→ DATA SEGMENT:

*** Begin section ***

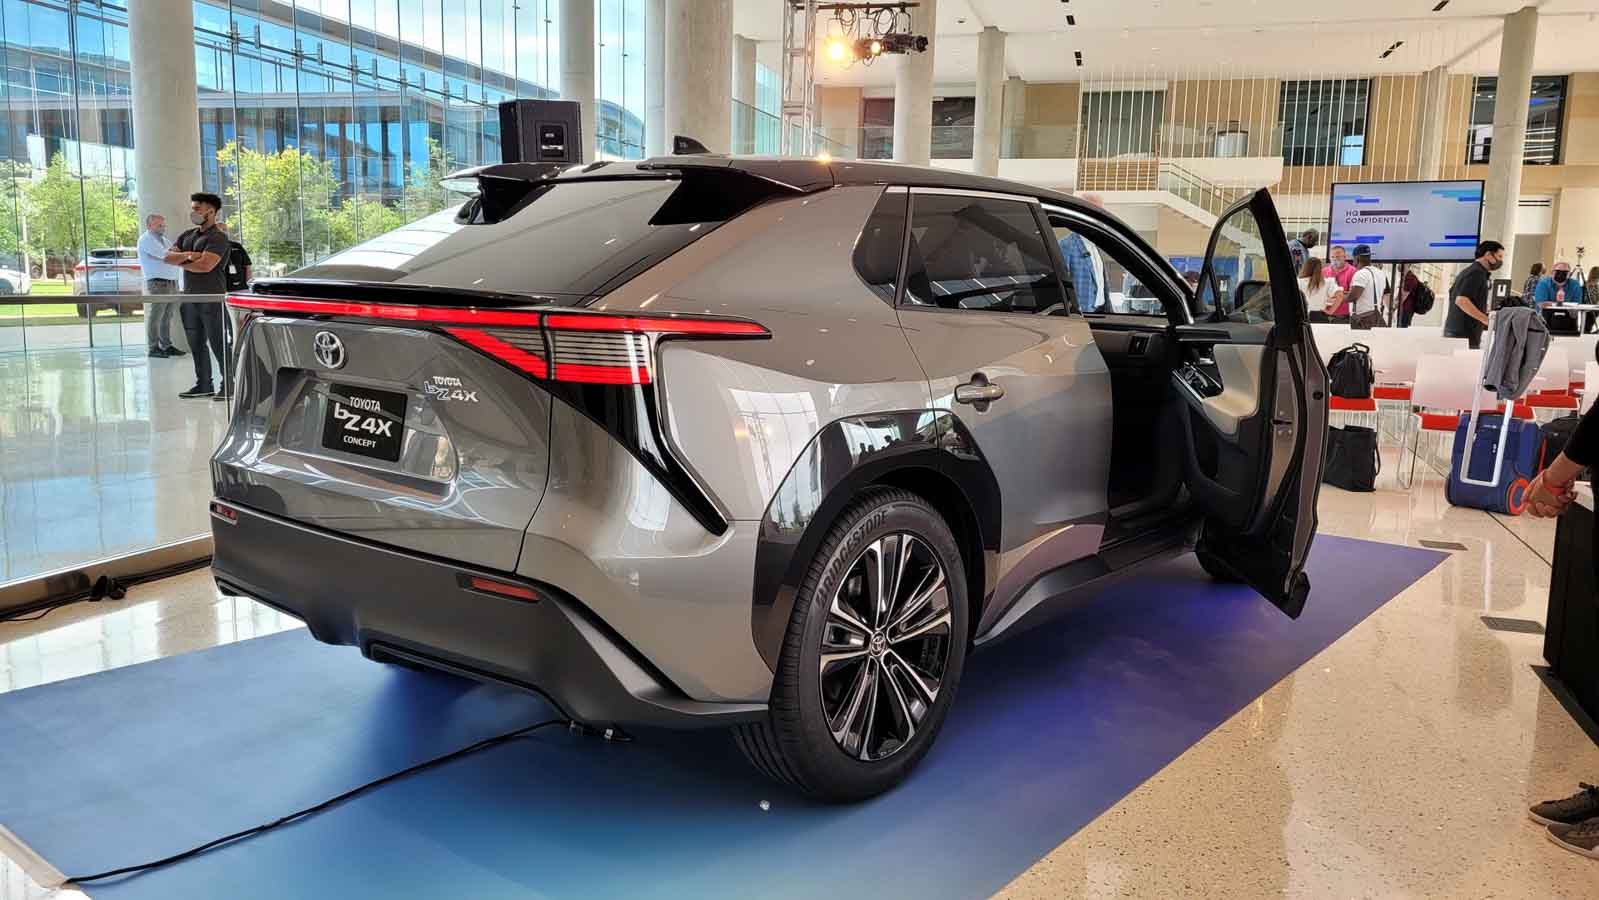 Toyota Electric SUV For India Could Be Offered In 2WD & 4WD Guises
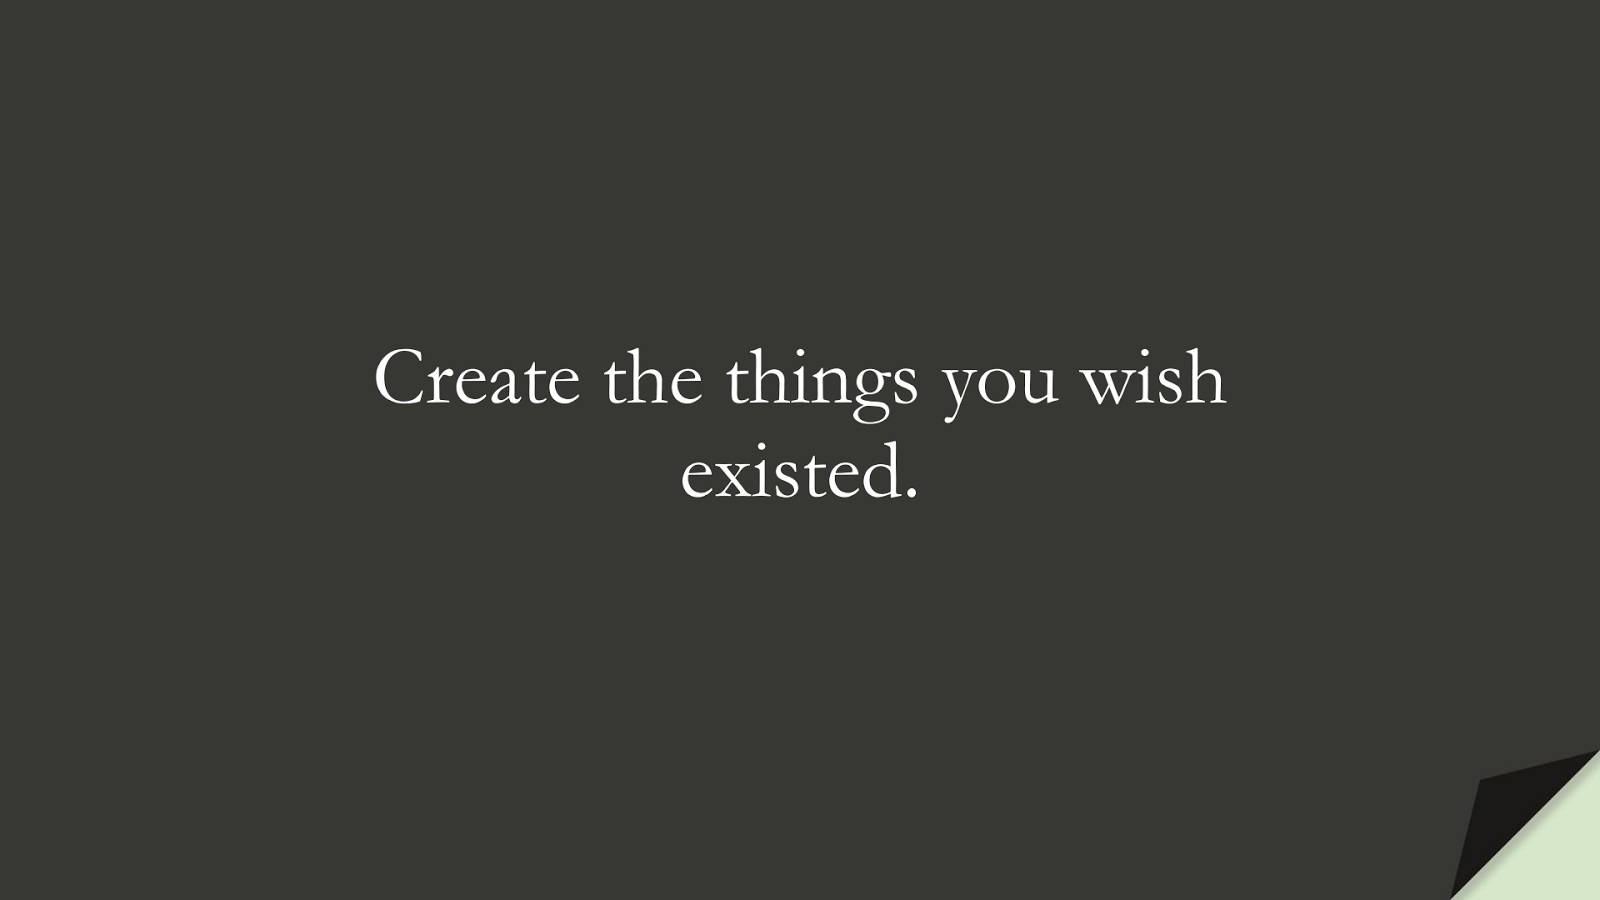 Create the things you wish existed.FALSE
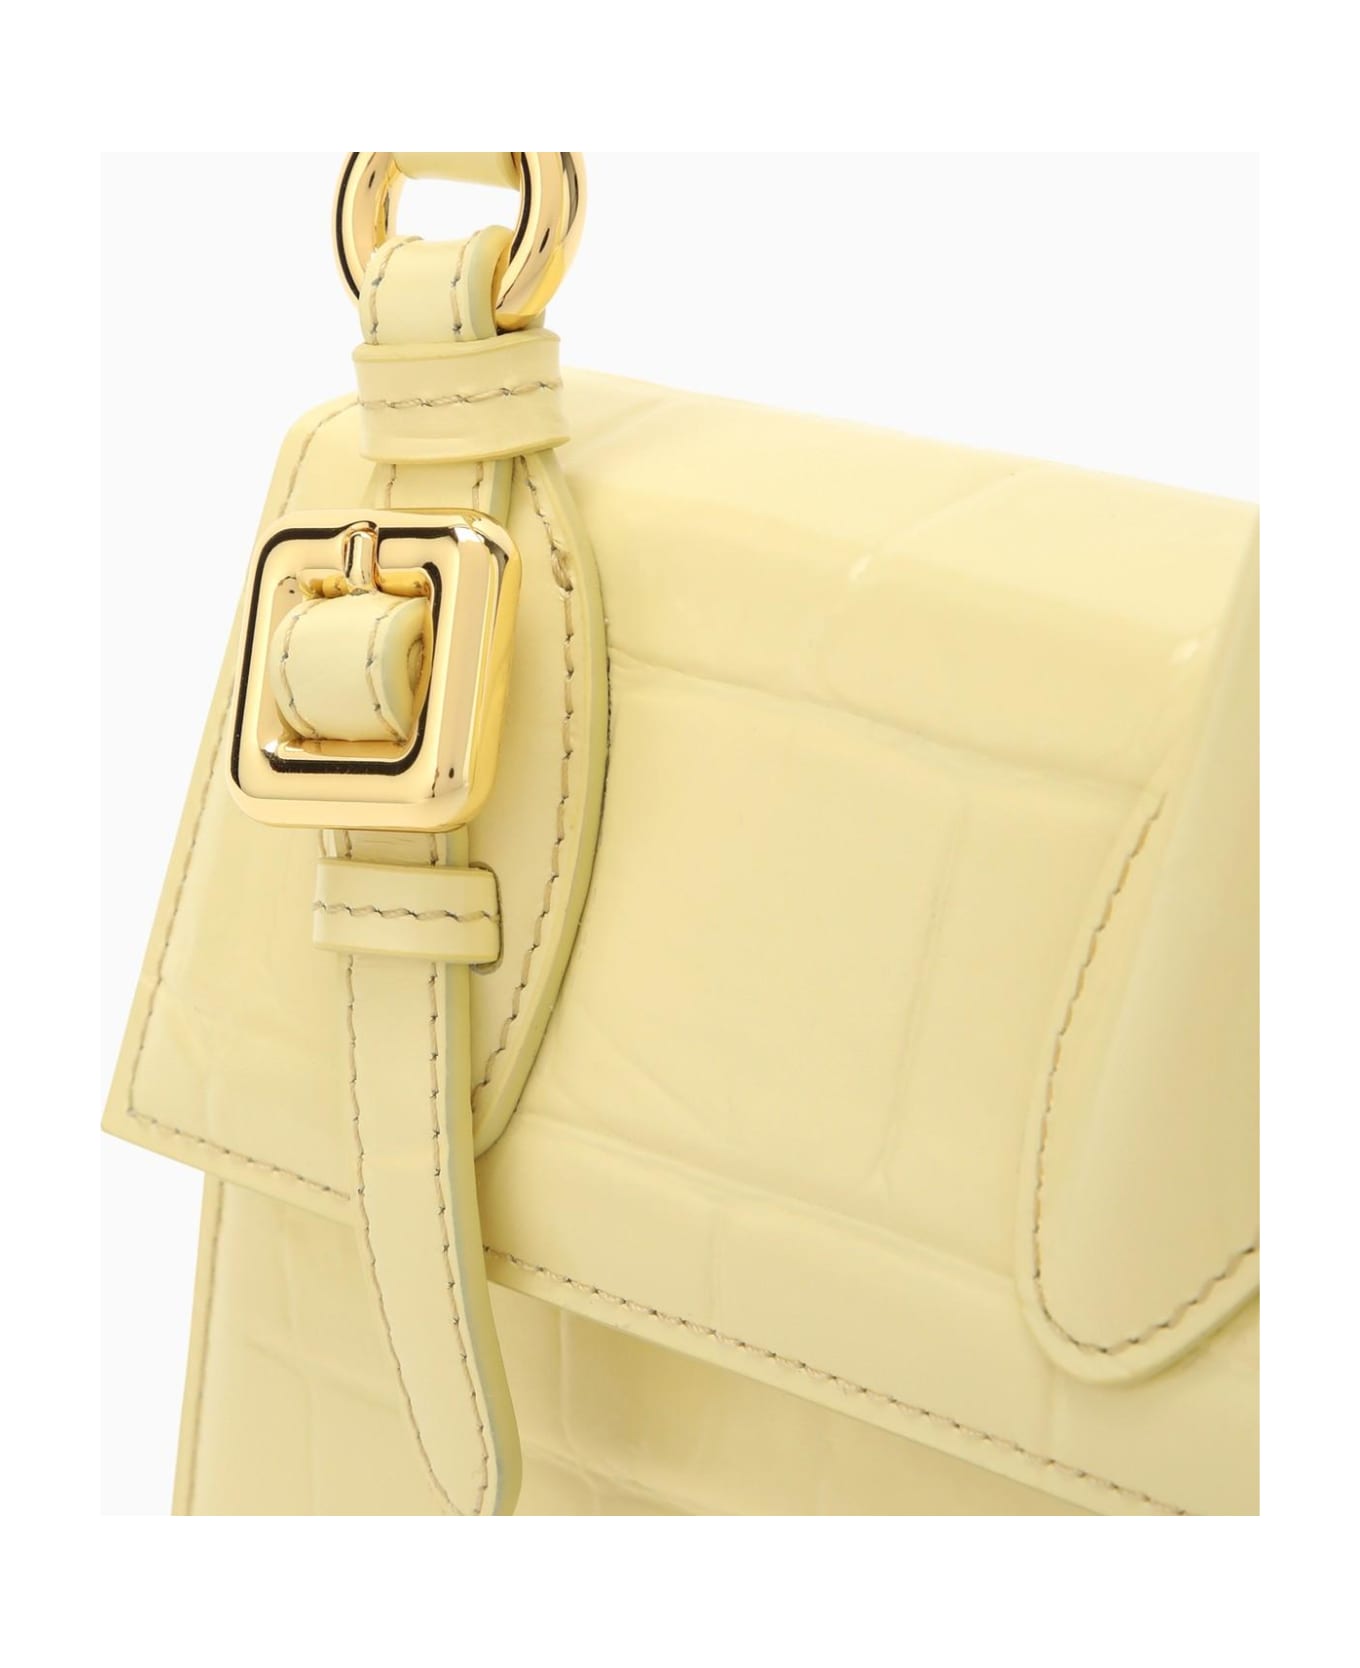 Jacquemus Le Chiquito Moyen Boucle Light Yellow Embossed Leather Bag - YELLOW トートバッグ
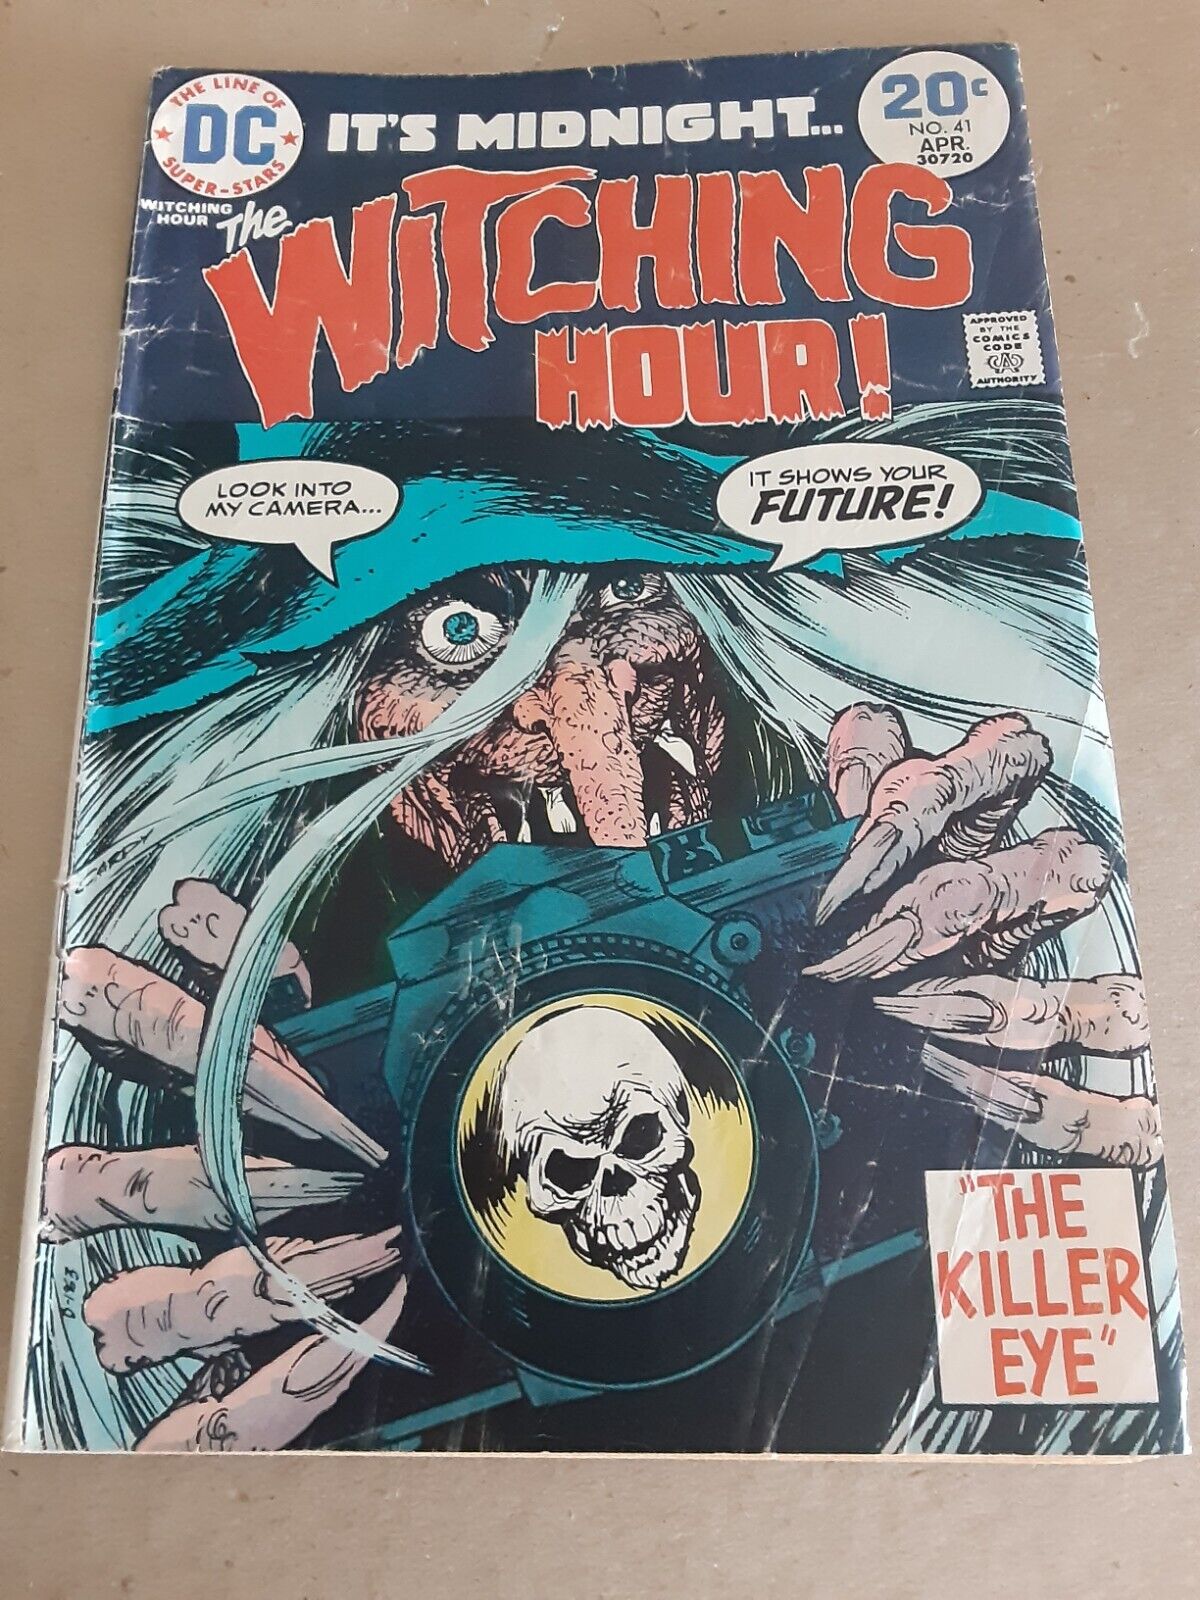 The Witching Hour # 41 DC " The  Killer Eye!" 1974 GD+

*** End section ***

→ YOUR OBJECTIVE:
Give back the listing exactly, with the pictures removed.

→ EXERCISE SOLUTION:
 Toyota Electric SUV For India Could Be Offered In 2WD & 4WD Guises
 Create the things you wish existed.FALSE
 Jacquemus Le Chiquito Moyen Boucle Light Yellow Embossed Leather Bag - YELLOW トートバッグ
 The Witching Hour # 41 DC " The  Killer Eye!" 1974 GD+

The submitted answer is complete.